The OCP 700W-SH AC/DC power converter, a single voltage 12.5Vdc, closed
frame, self-cooled power supply used in high efficiency IT applications. The supply is
configurable to a 450W-SH power rating (like the Open Compute Project 450W power
supply), as both models use the same PCBs, with just pin-to-pin component
replacements.This device works in conjunction with the Open Compute Project battery
backup cabinet and custom power strips.
The original OCP 450W power supply is an AC/DC power converter, single
voltage 12.5VDC, closed frame, self-cooled power supply used in high-efficiency
applications.

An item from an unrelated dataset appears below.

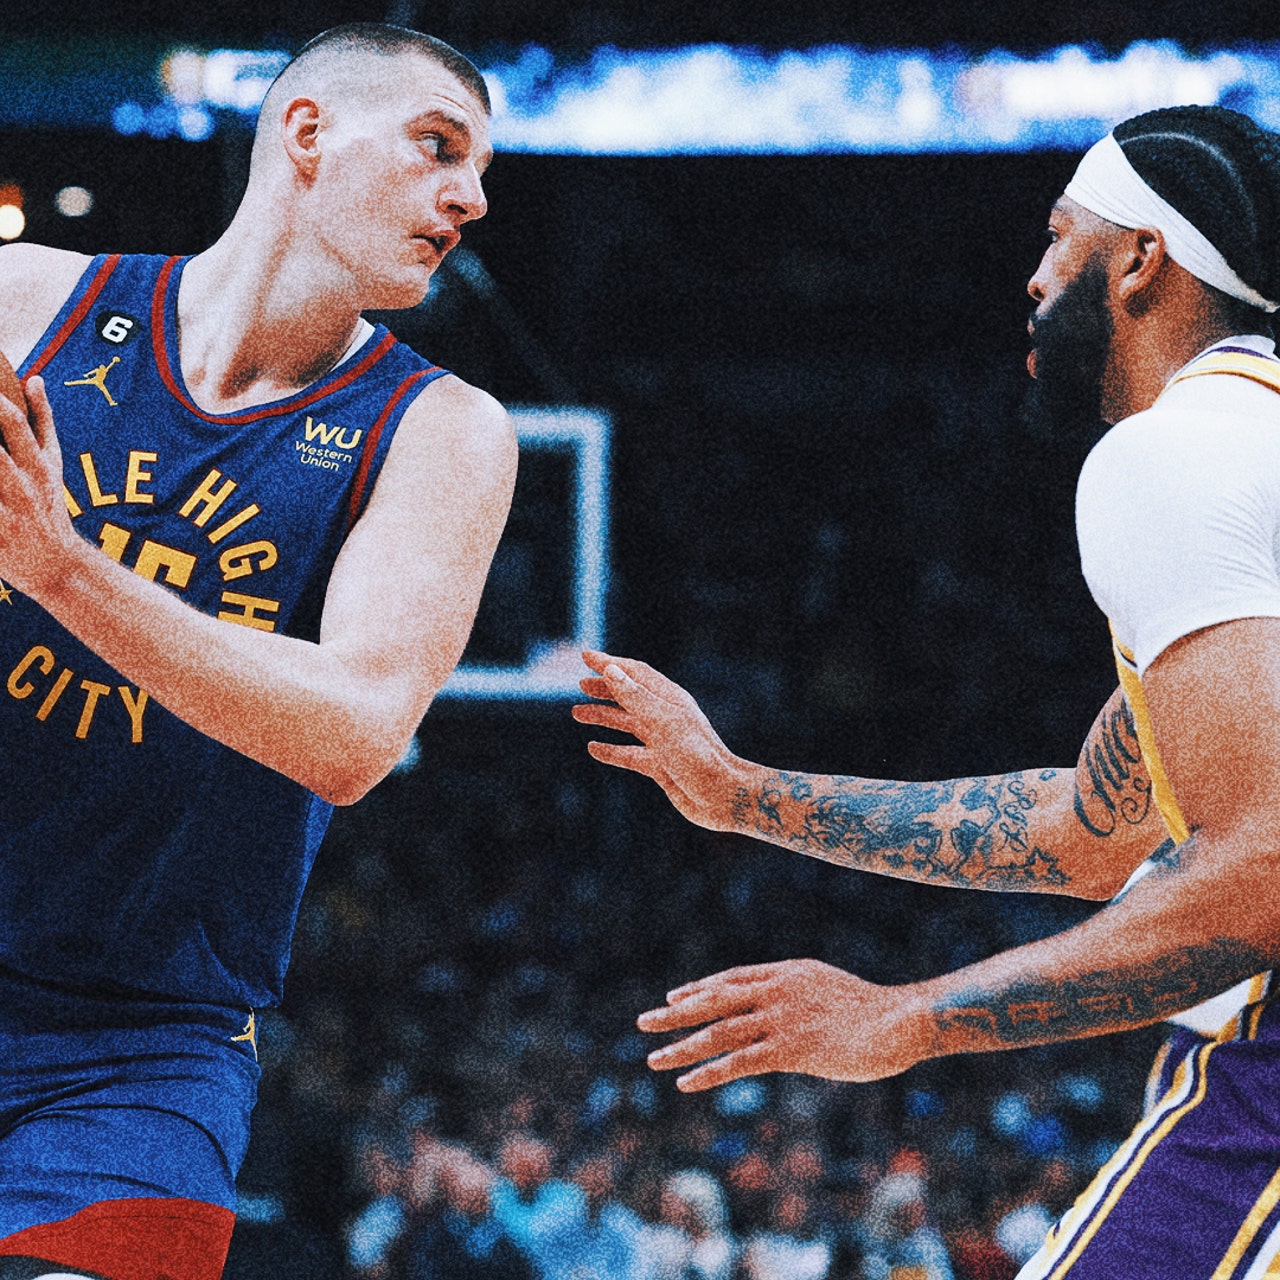 Nikola Jokic leads Nuggets past Lakers 132-126 in West opener

The power converter includes independent AC input and DC output
connectors, plus a DC input connector for backup voltage. Current sharing and parallel
operations are not required, while the main focus is a design with very high electrical
efficiency.
7. Open Hardware Management
Scale computing requires a small and stable set of tools to remotely management
machines. The strategy is to define these tools by looking at the needs of a scaleout/stateless machine system administrator to trouble shoot and provision machines.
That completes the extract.